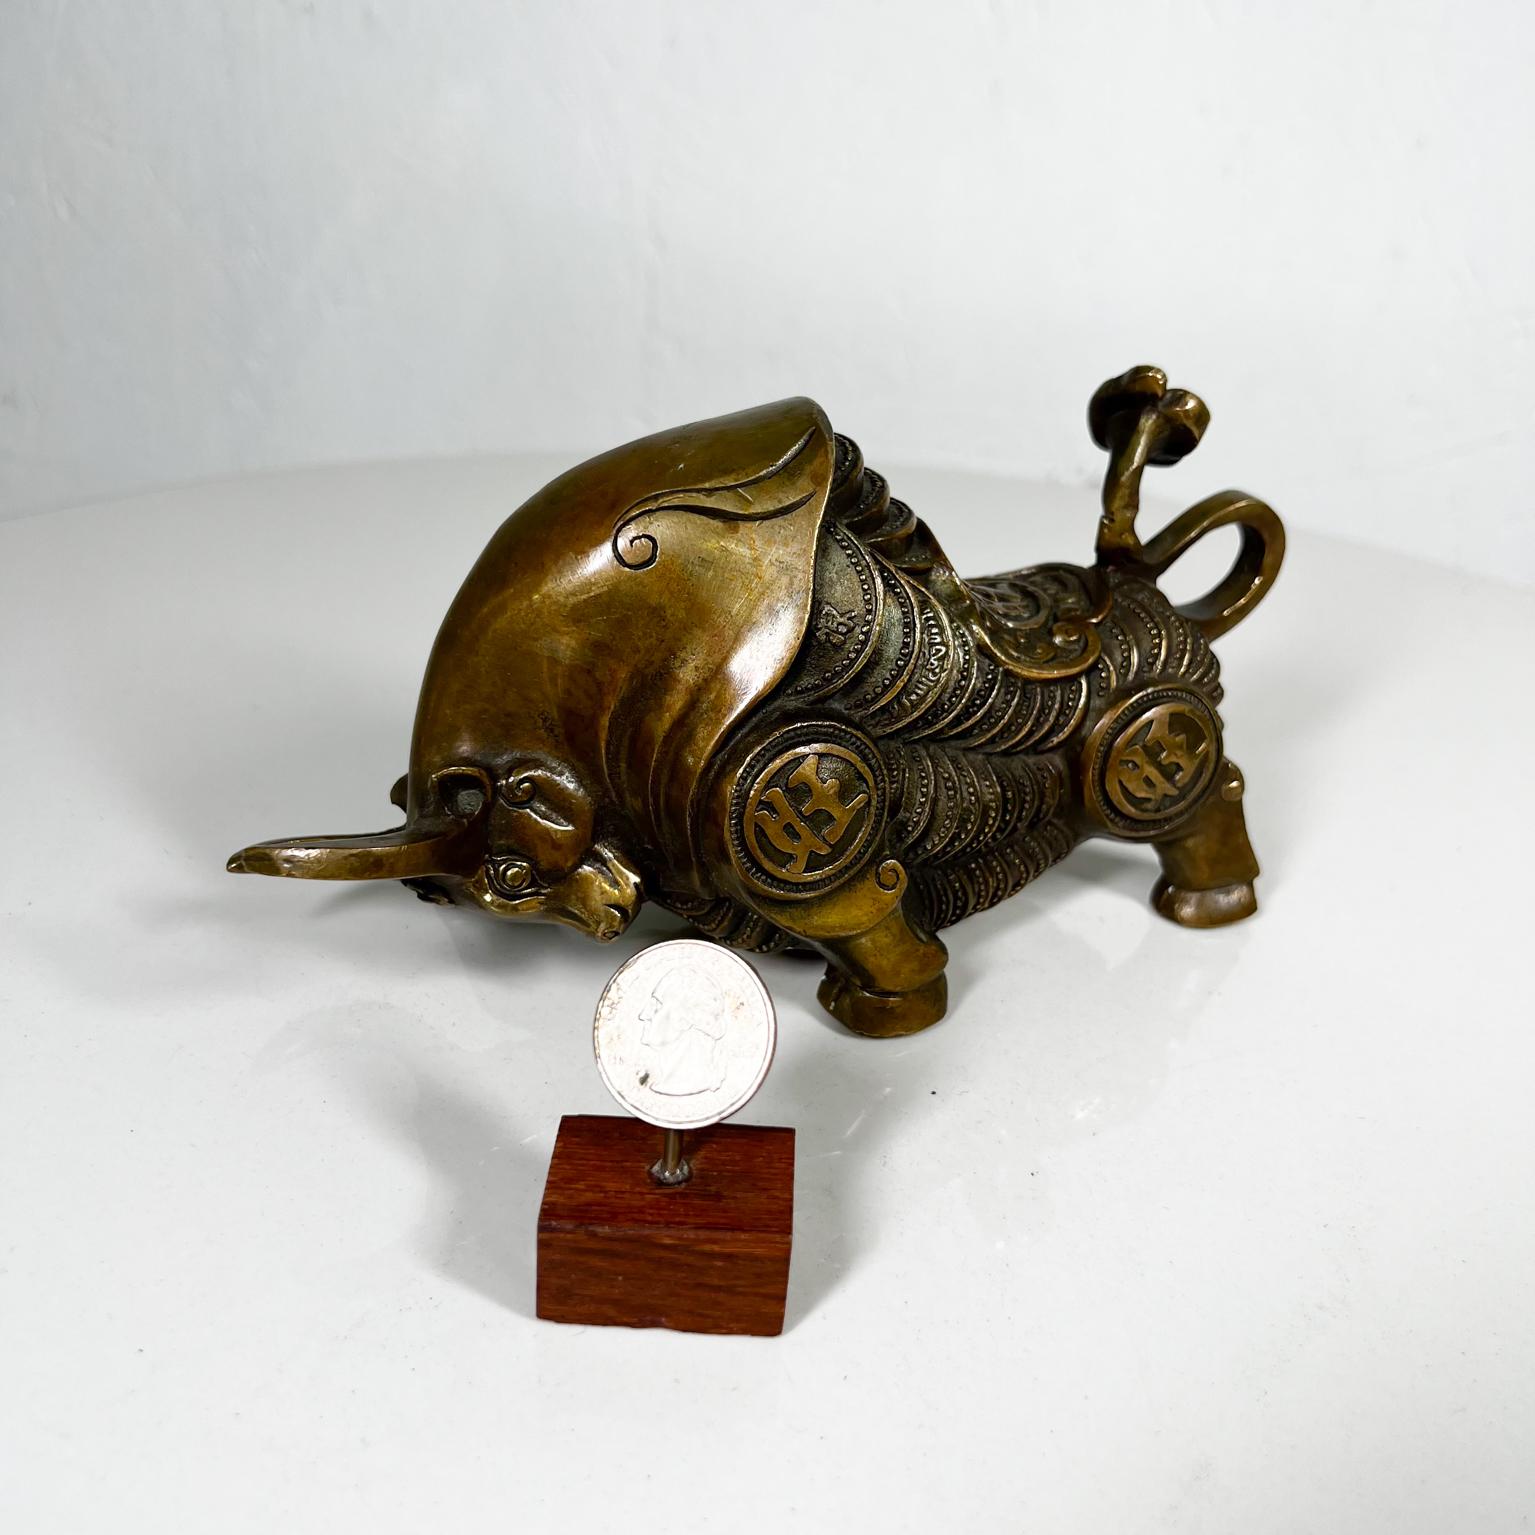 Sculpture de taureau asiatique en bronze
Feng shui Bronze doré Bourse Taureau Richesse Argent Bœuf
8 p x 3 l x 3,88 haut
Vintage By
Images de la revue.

---

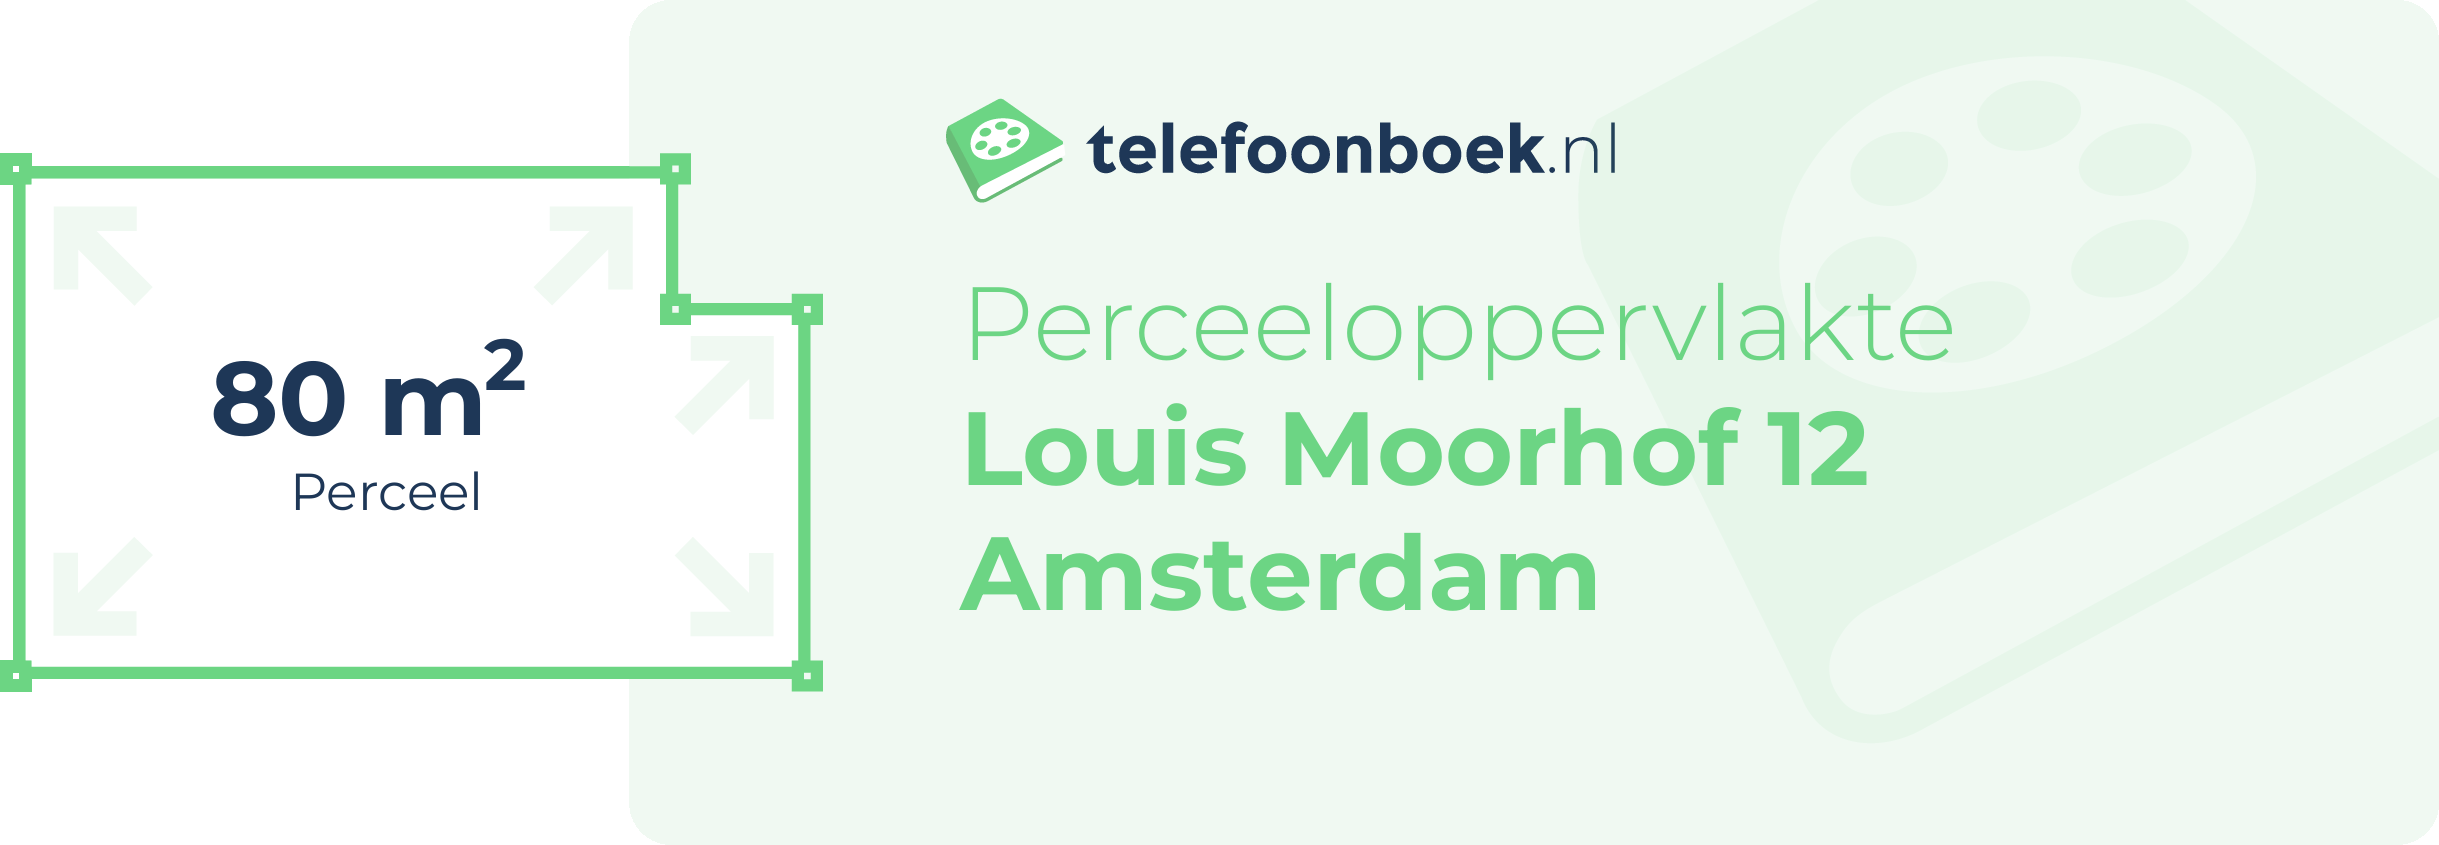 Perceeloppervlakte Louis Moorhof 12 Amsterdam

...

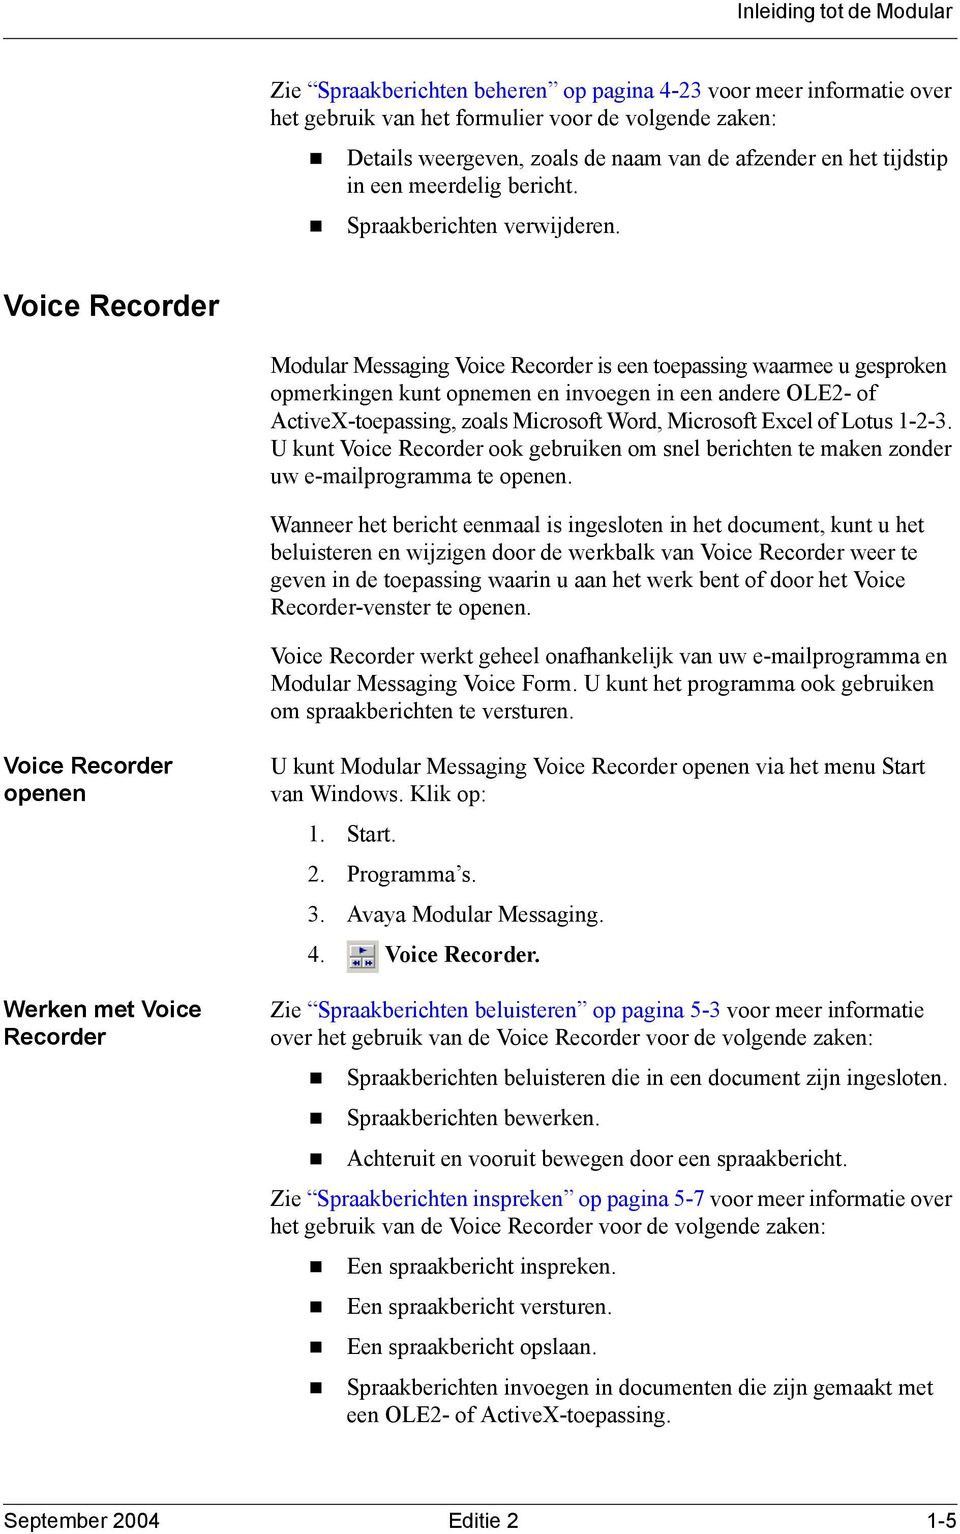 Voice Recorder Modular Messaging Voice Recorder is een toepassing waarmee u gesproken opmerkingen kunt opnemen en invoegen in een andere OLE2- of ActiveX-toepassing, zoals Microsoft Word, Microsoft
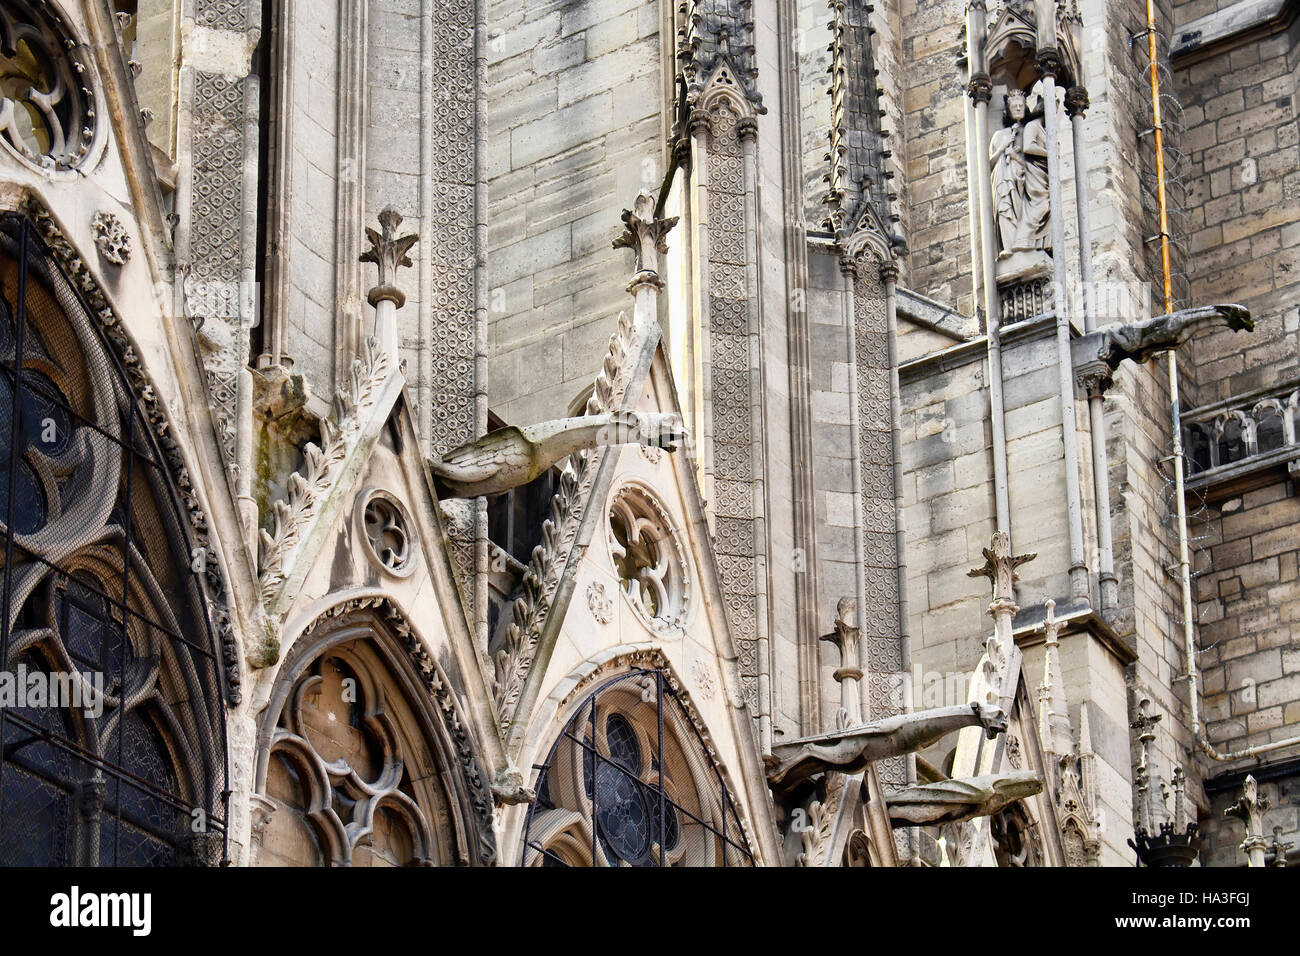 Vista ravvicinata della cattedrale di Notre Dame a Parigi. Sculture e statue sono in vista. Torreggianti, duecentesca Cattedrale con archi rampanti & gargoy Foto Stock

● **Directions for this task**: Leave out every picture, and copy exactly the lines above starting at the one holding "Sculpture de taureau asiatique en bronze" and ending at the one holding "Images de la revue.", no more and no less.

● **Result below**:
 Sculpture de taureau asiatique en bronze
Feng shui Bronze doré Bourse Taureau Richesse Argent Bœuf
8 p x 3 l x 3,88 haut
Vintage By
Images de la revue.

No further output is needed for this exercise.